LMS PiNE Lectures
10, 11, 14 September 2020
Semimartingale methods for Markov chains, interacting particle systems and random growth models
Speakers: Conrado da Costa (Durham), Frankie Higgs (Lancaster), George Liddle (Lancaster), and Chak Hei Lo (Edinburgh).
Aims
Sponsored by the LMS and organized by the PiNE research network, this short lecture series is aimed primarily at postgraduate students and early-career researchers in probability theory or neighbouring fields, but all are welcome.
The lectures are in three blocks, with several linking themes running through, but each block should also be essentially self-contained and can be viewed in isolation.
Course outline
Foster–Lyapunov methods for Markov chains Chak Hei Lo (3 lectures on 10–11 September).
We will start the course by presenting various results using the semimartingale approach for Markov chains.
These results include Foster–Lyapunov criteria by which a suitable Lyapunov function can determine whether a process is transient or recurrent.
We will then move on to some applications on these methods, including to some random walks on strips and some interacting particles systems, such as voter models.
Interacting particle systems and martingales Conrado da Costa (3 lectures on 10–11 September).
The purpose of these lectures is to explore martingale methods for the characterization, construction, and analysis of interacting particle systems,
including proofs of scaling limit behaviour.
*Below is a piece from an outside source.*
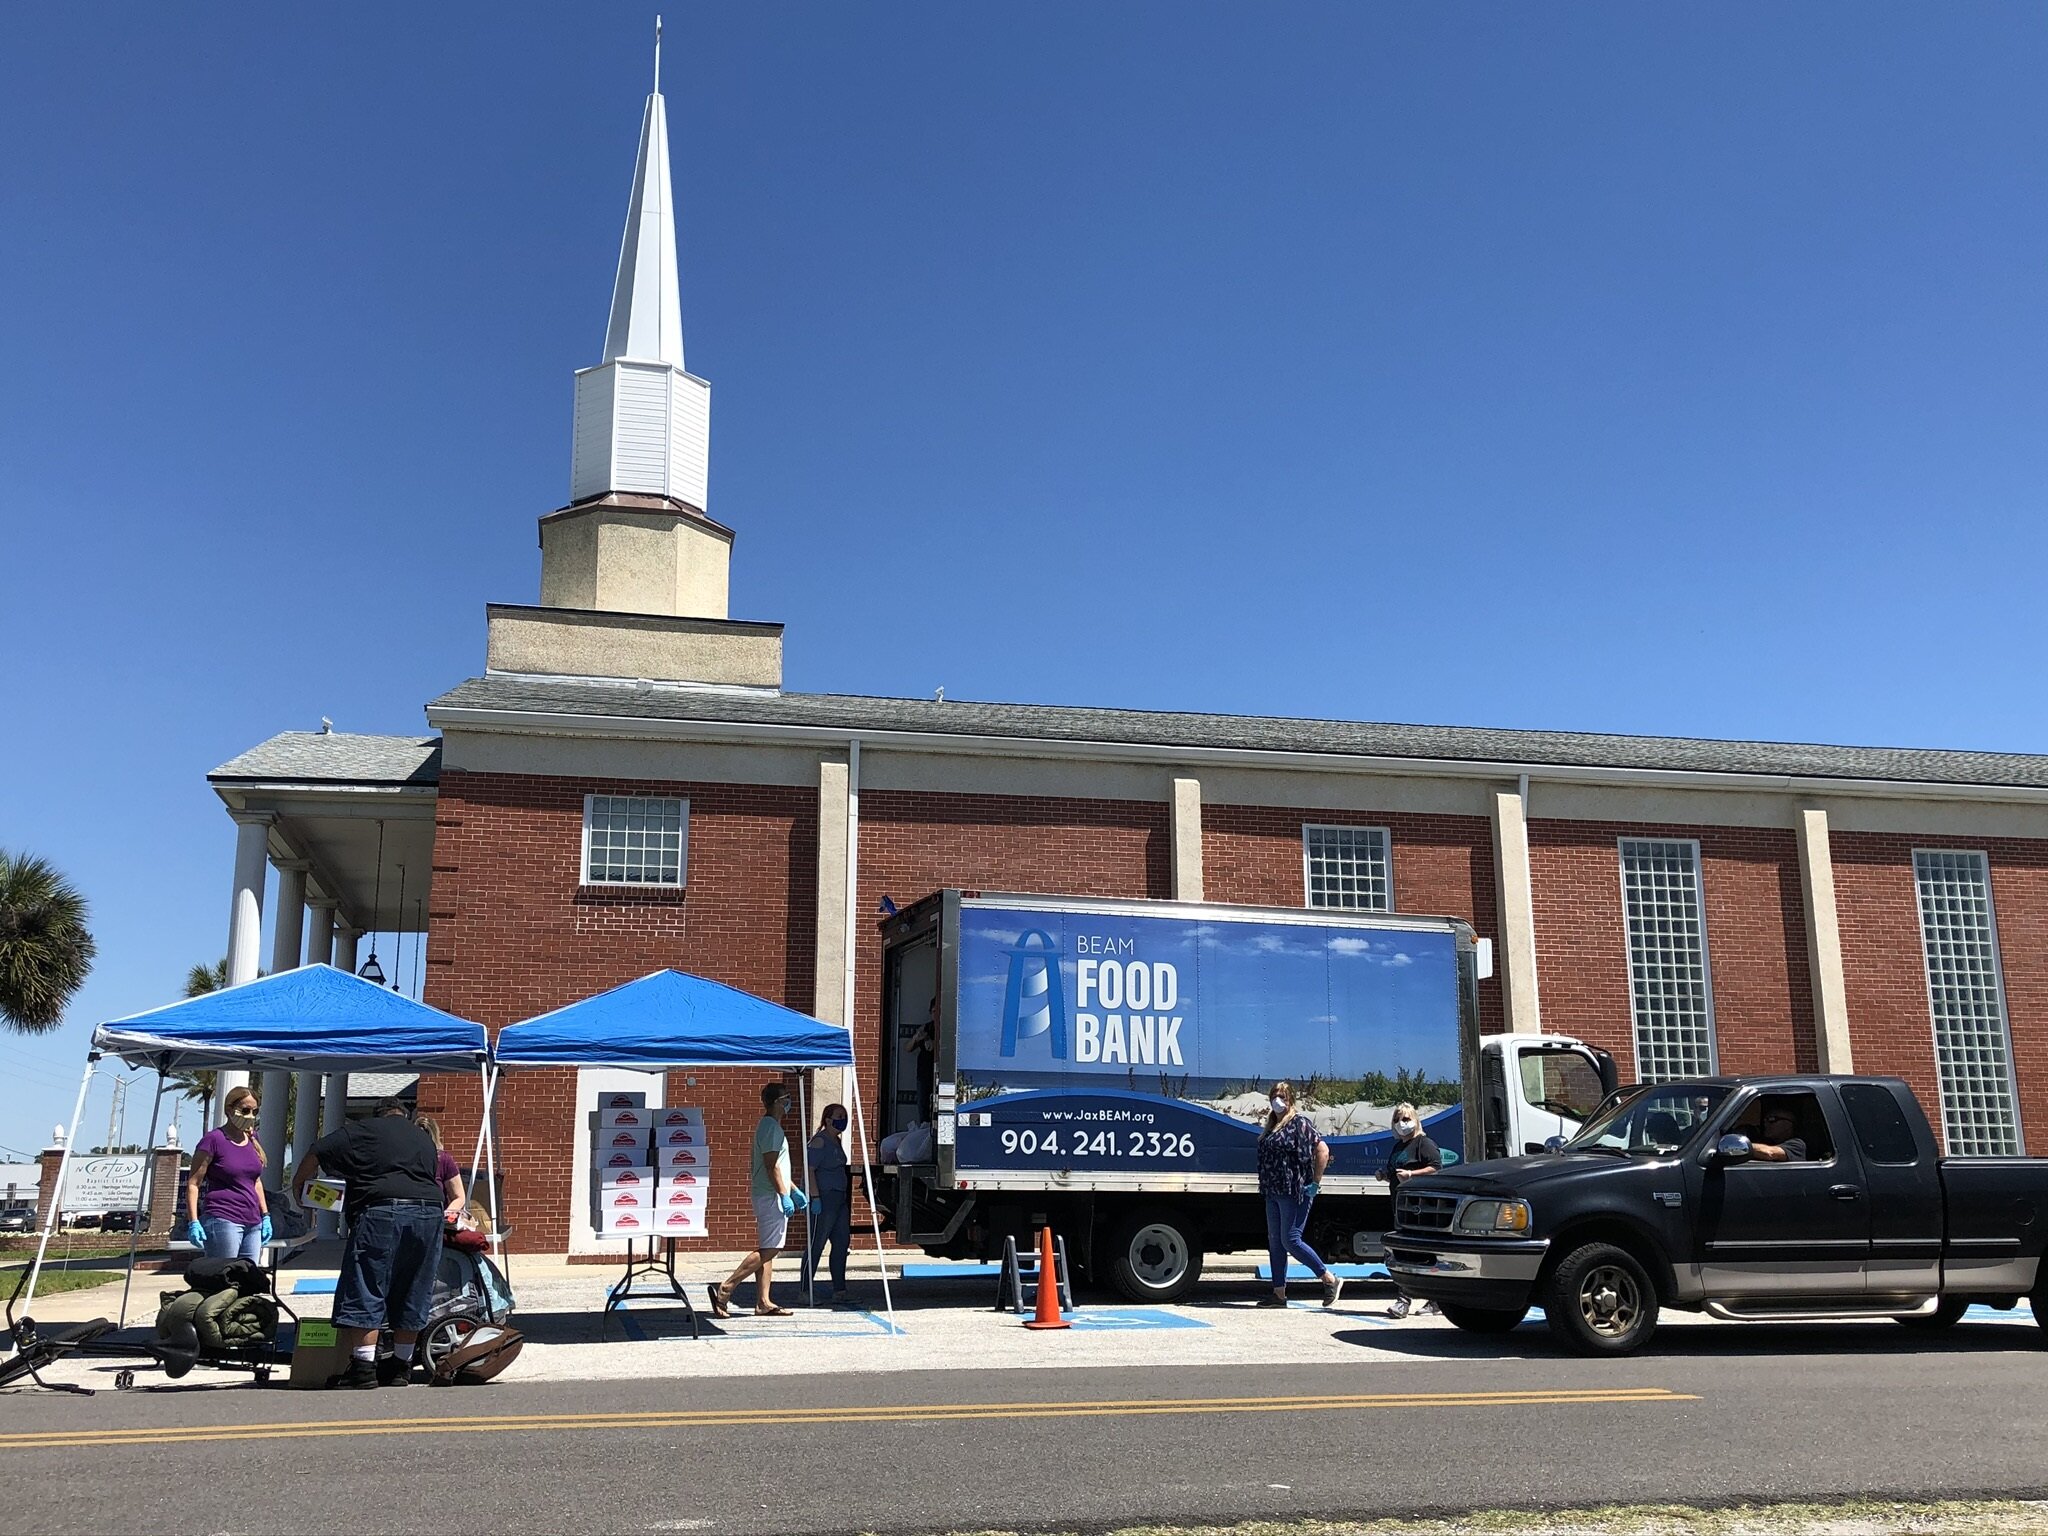 Neptune Baptist Church held their inaugural “Food Share” event on Saturday and provided groceries to 100 beaches families in need.

The first lecture will focus on the construction of a class of interacting particle systems: a family of coupled birth and death chains.
The second lecture will study martingale problems for this model. The third lecture will explore martingale methods for the study of a mean-field voter model.
Planar random growth and scaling limits George Liddle and Frankie Higgs (2 lectures on 14 September).
Conformal growth models are motivated
by some real-world growth processes, and are constructed using conformal maps.
We will introduce the one-parameter Hastings–Levitov model, which is used to describe Laplacian growth and allows us to vary between off-lattice versions of
many well studied models.
Then we investigate the "small particle" scaling limit, which often entails finding a martingale and relating its behaviour to
its analogue for the proposed continuum limit.
How to watch the talks
The talks were delivered live via Zoom and streamed on YouTube.
At the moment the live stream videos are still available via the PiNE YouTube channel.
The pdf slides from the lectures are also available, linked from the schedule below.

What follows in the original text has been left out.